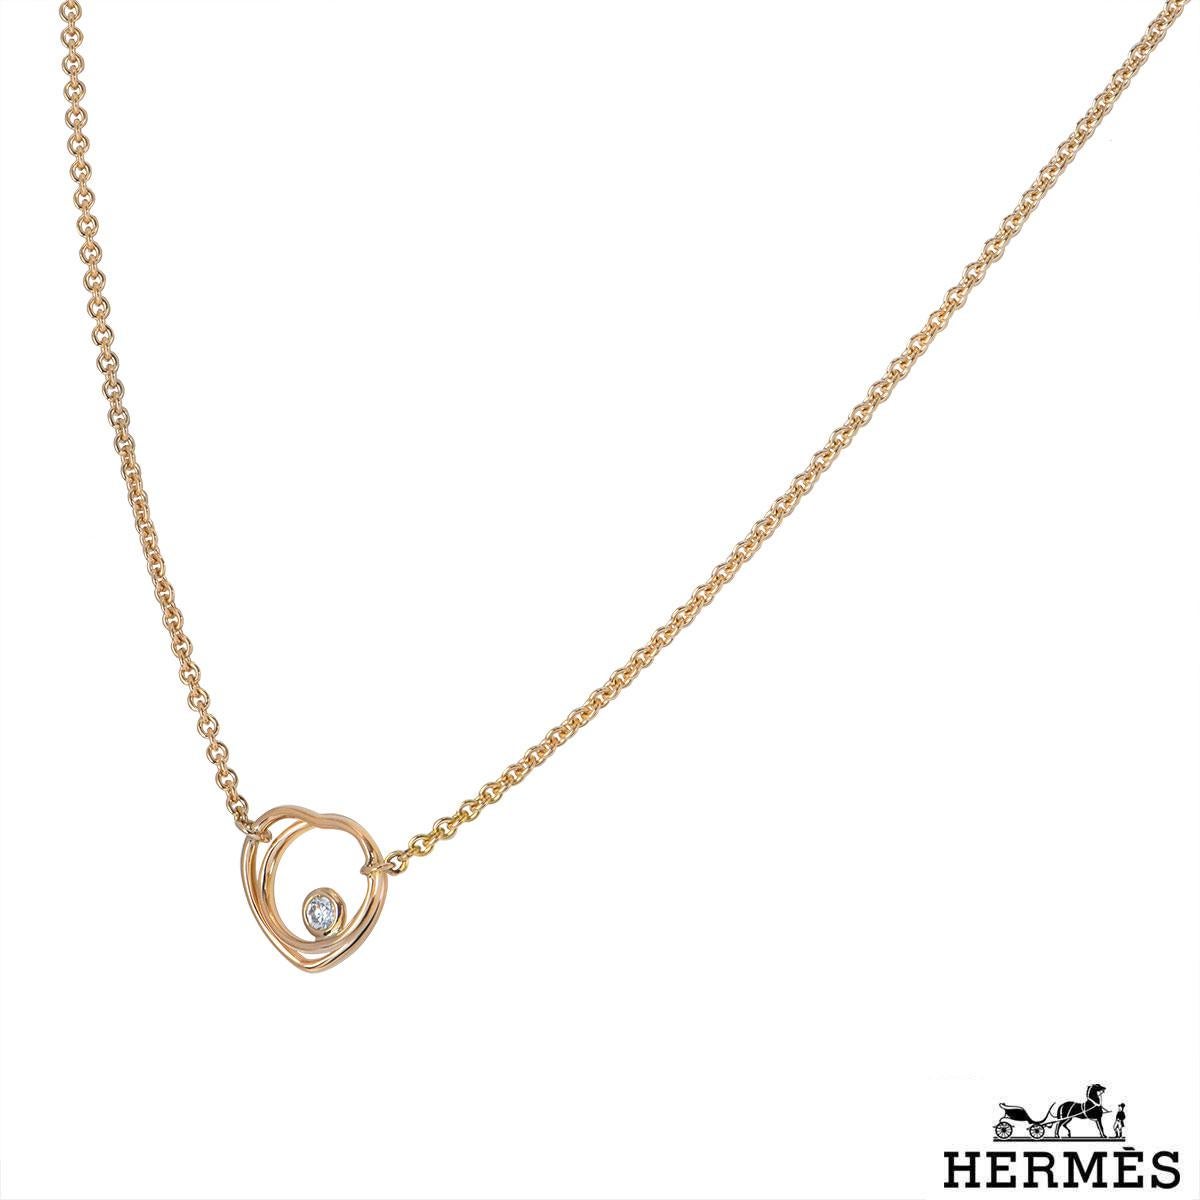 An 18k rose gold diamond necklace by Hermes from the Vertige Couer collection. The necklace features an openwork heart motif with a single round brilliant cut diamond. The diamond has a total weight of 0.05ct. The necklace has an adjustable length
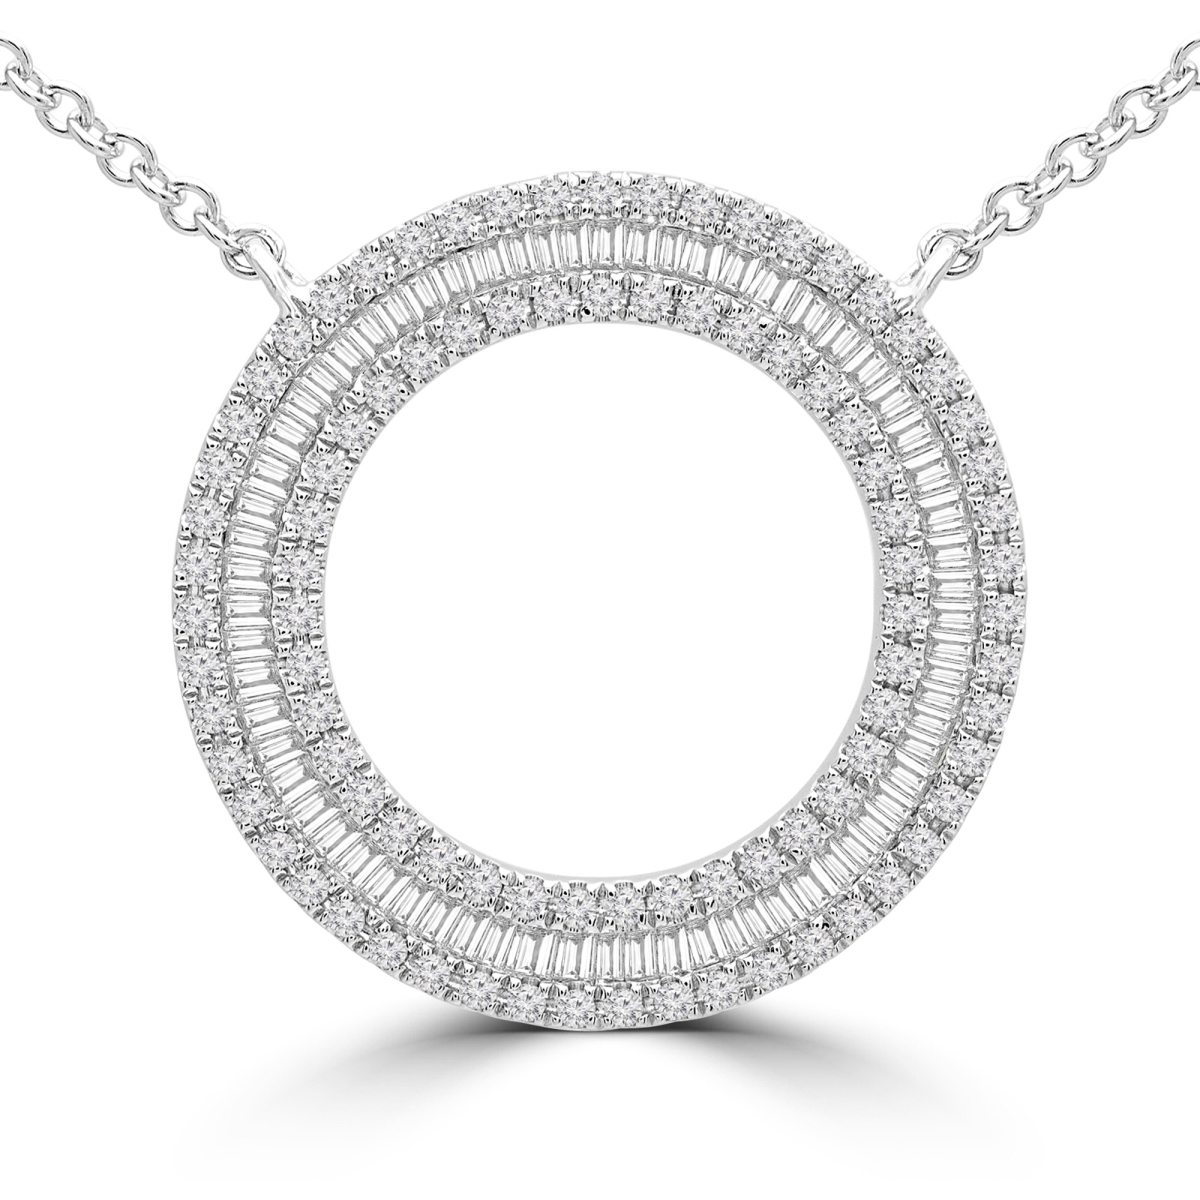 Picture of Majesty Diamonds MD190299 0.5 CTW Baguette Diamond Three-Row Circle Necklace in 18K White Gold
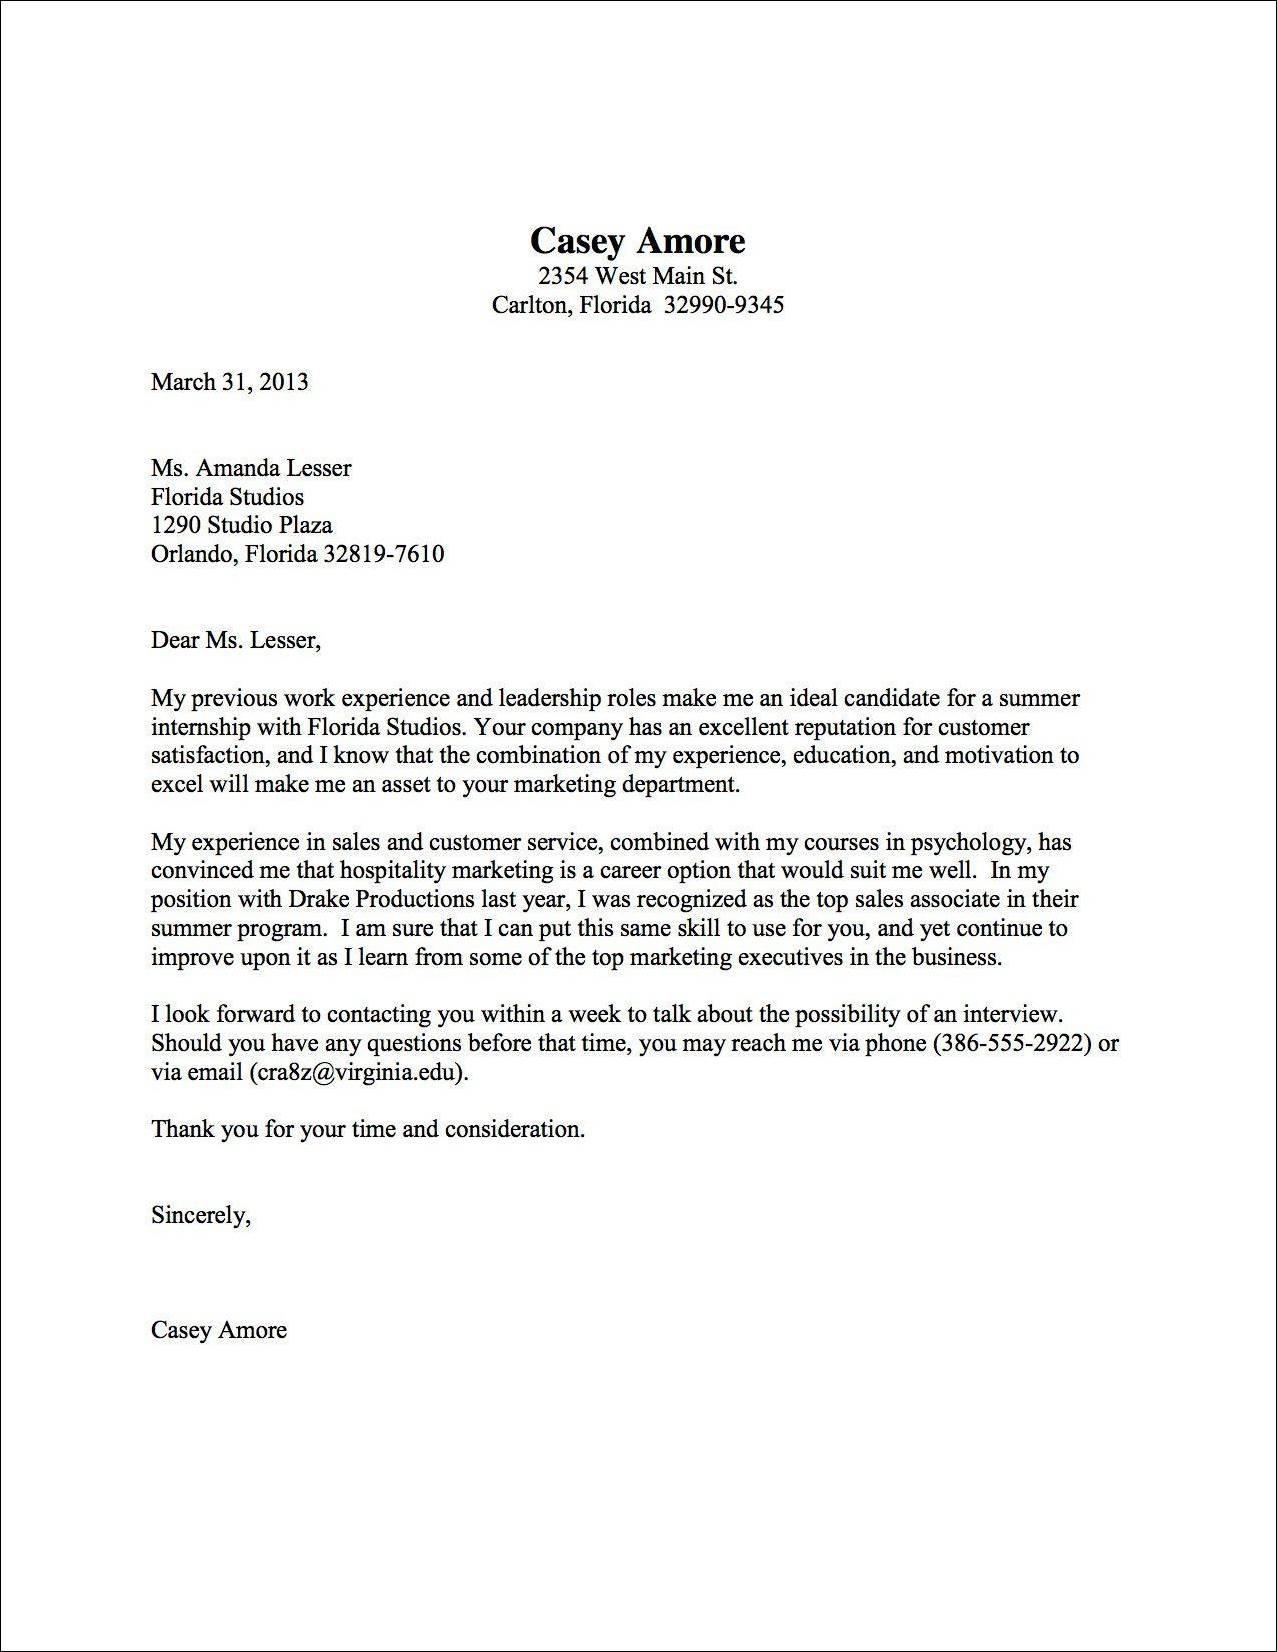 cover letter resume example
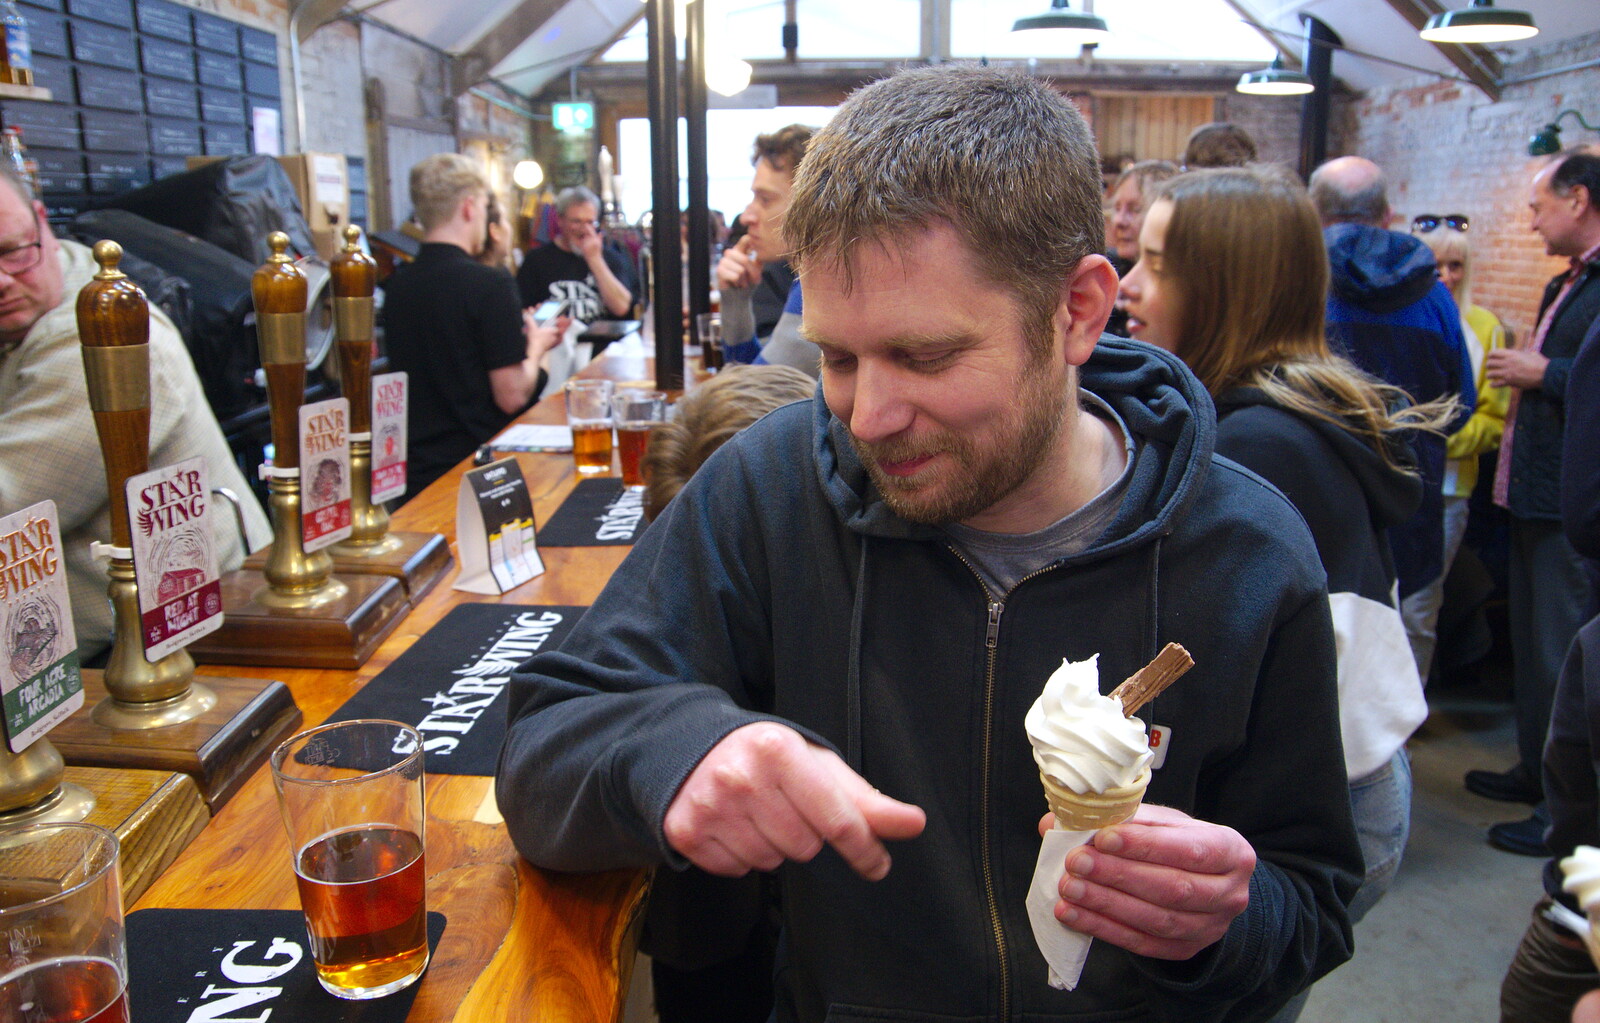 Phil at the bar, with ice cream from The Opening of Star Wing Brewery's Tap Room, Redgrave, Suffolk - 4th May 2019

* Exercise directions
In the data above, find the line containing "cover letter resume example"; from there, please write out each line through the end, exactly, with the pictures omitted.

* Solution to this exercise
 cover letter resume example
 Phil at the bar, with ice cream from The Opening of Star Wing Brewery's Tap Room, Redgrave, Suffolk - 4th May 2019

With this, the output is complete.